◆ Dataset section:

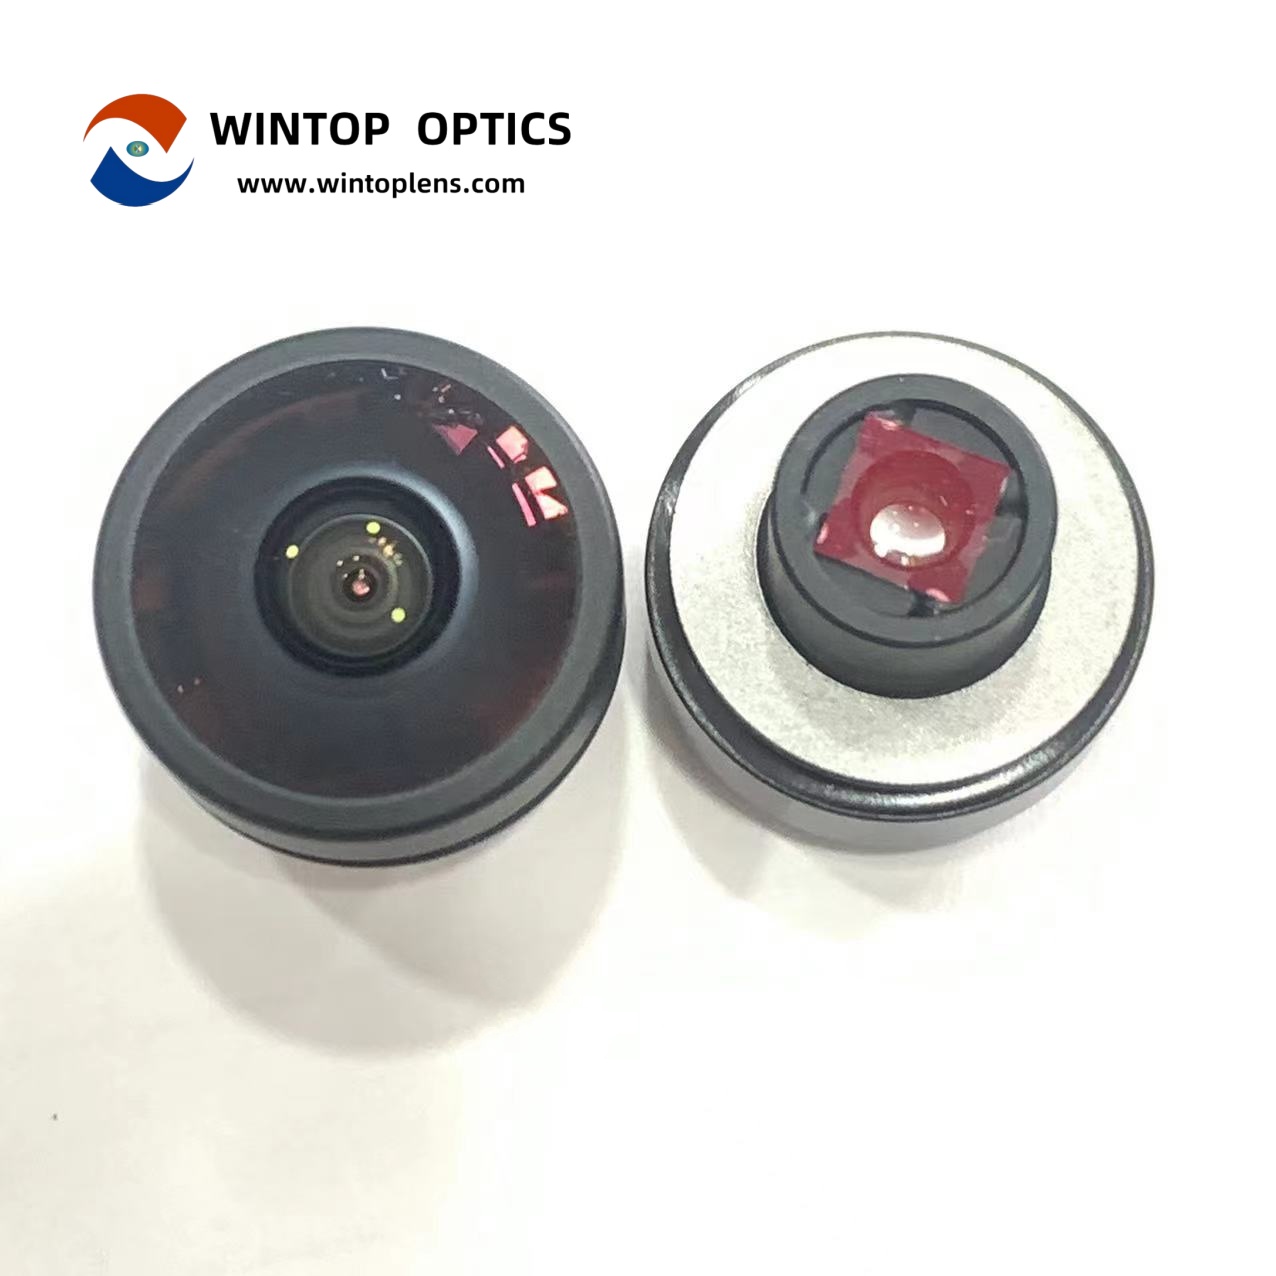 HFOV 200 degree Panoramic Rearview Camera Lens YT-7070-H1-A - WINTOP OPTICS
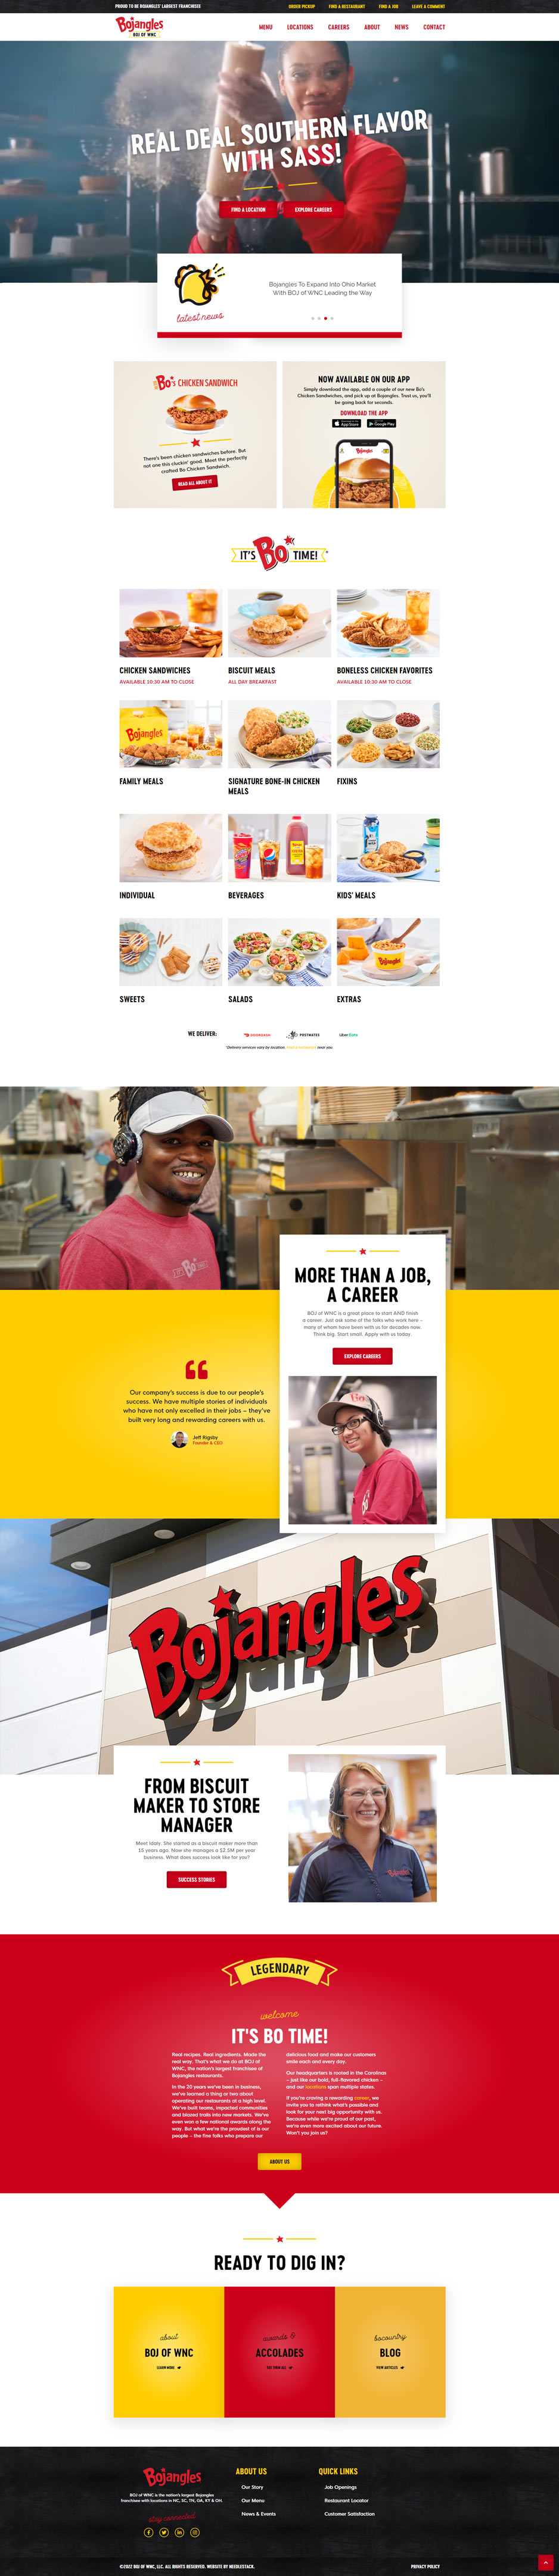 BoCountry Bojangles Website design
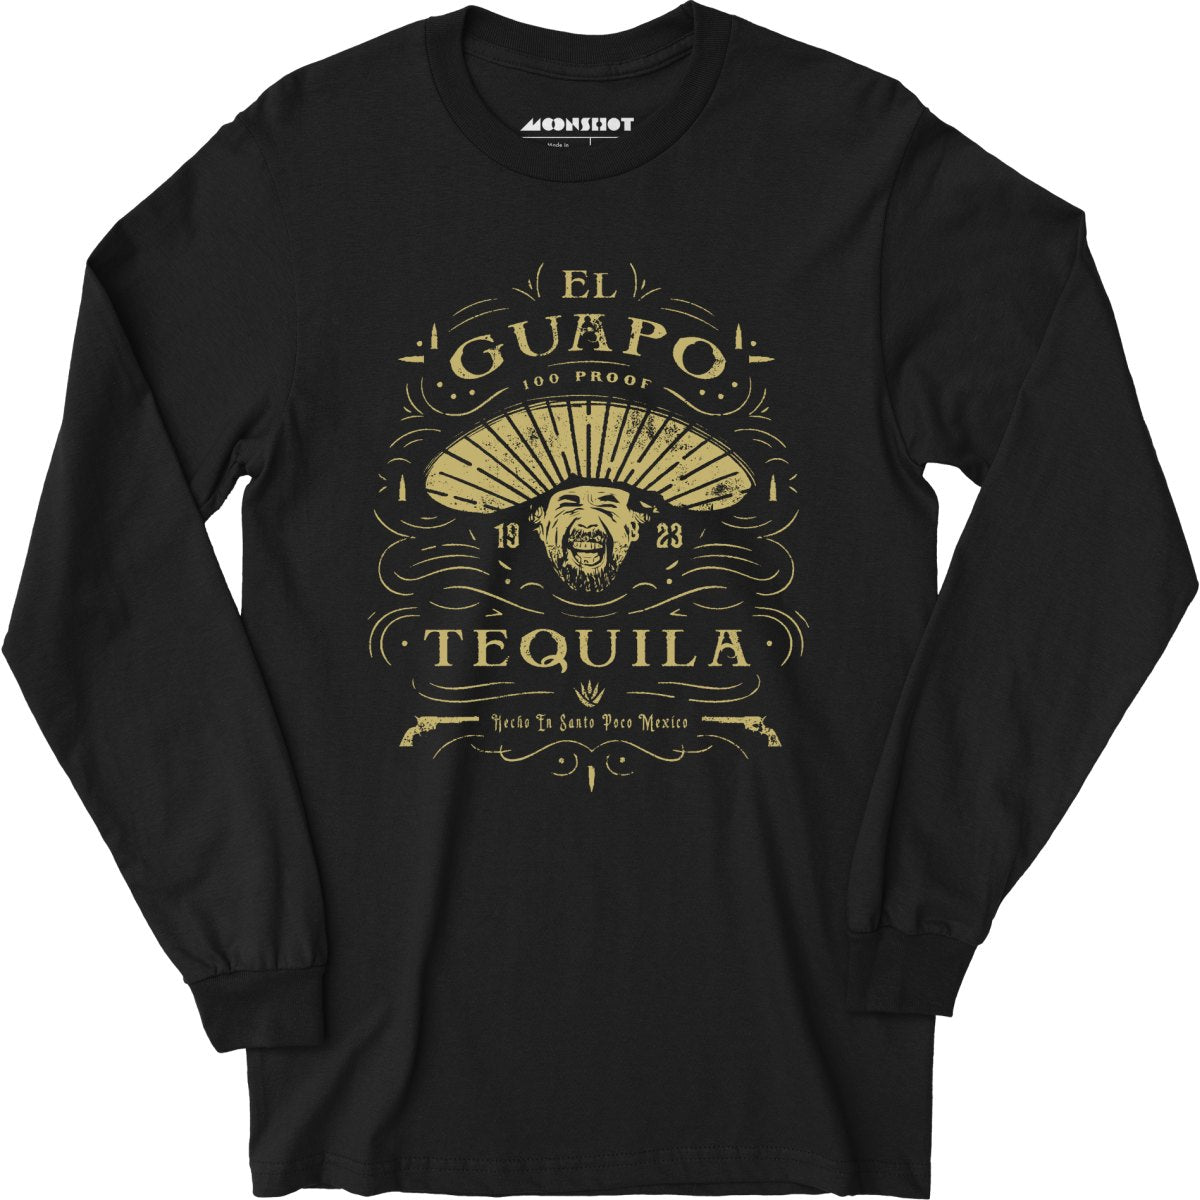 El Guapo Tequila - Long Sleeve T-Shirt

◆ Task goal: Every line above should be copied exactly, apart from any pictures.

◆ Answer:
 HFOV 200 degree Panoramic Rearview Camera Lens YT-7070-H1-A - WINTOP OPTICS
 BoCountry Bojangles Website design
 El Guapo Tequila - Long Sleeve T-Shirt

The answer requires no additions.